The GMB national college at Whalley Range, Manchester, is being put up for sale because the union says it cannot afford the pound;5 million needed for repair work.

The 50 staff have taken advice on a business plan to rescue it and have appealed for backing from patrons and the Labour movement.

Besides residential courses covering union education, the college, a grade II listed Victorian building, has a wider social role. It has trained volunteers for the Samaritans, staff from The Big Issue and provides teacher training for Manchester City education department. It also serves as a conference centre Staff hope it can survive. “When the GMB hit cash problems it decided that one saving had to be National College,” said Dave Norton, leading the campaign to form a co-operative.

“But they have been working closely with us to find a way forward.”

Mr Norton, who has been at the college for 17 years, said most staff were long-serving and spoke of a family atmosphere. He has been heartened by the support shown among the college’s patrons at a public meeting held to discuss the crisis.

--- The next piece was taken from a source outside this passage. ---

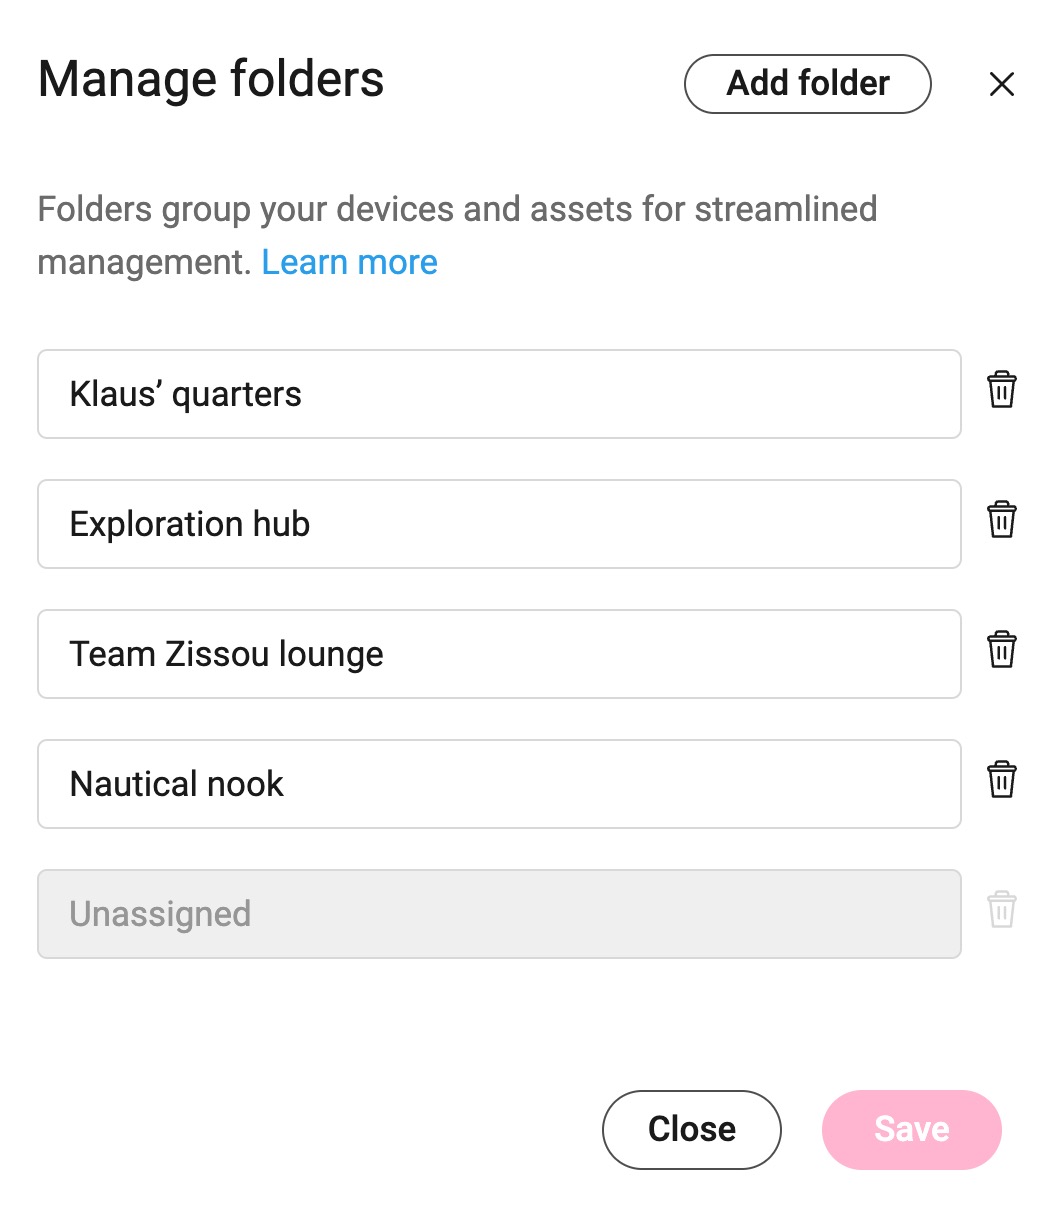 Manage folders > Add folder - EN.jpg

“In the first year we would look just to run as a venue - we don’t have the skills to run courses. But we would want to develop thereafter,” he said.

A GMB spokeswoman said that the building had been making losses every year.

“It is really expensive to run and the last time we had a storm the roof blew off,” she said. “We will continue to provide education for our members and are looking at ways of doing that and at redeployment.

“While the decision has been made by the general council to sell, we will look at any proposal - the staff could purchase it as a co-operative.”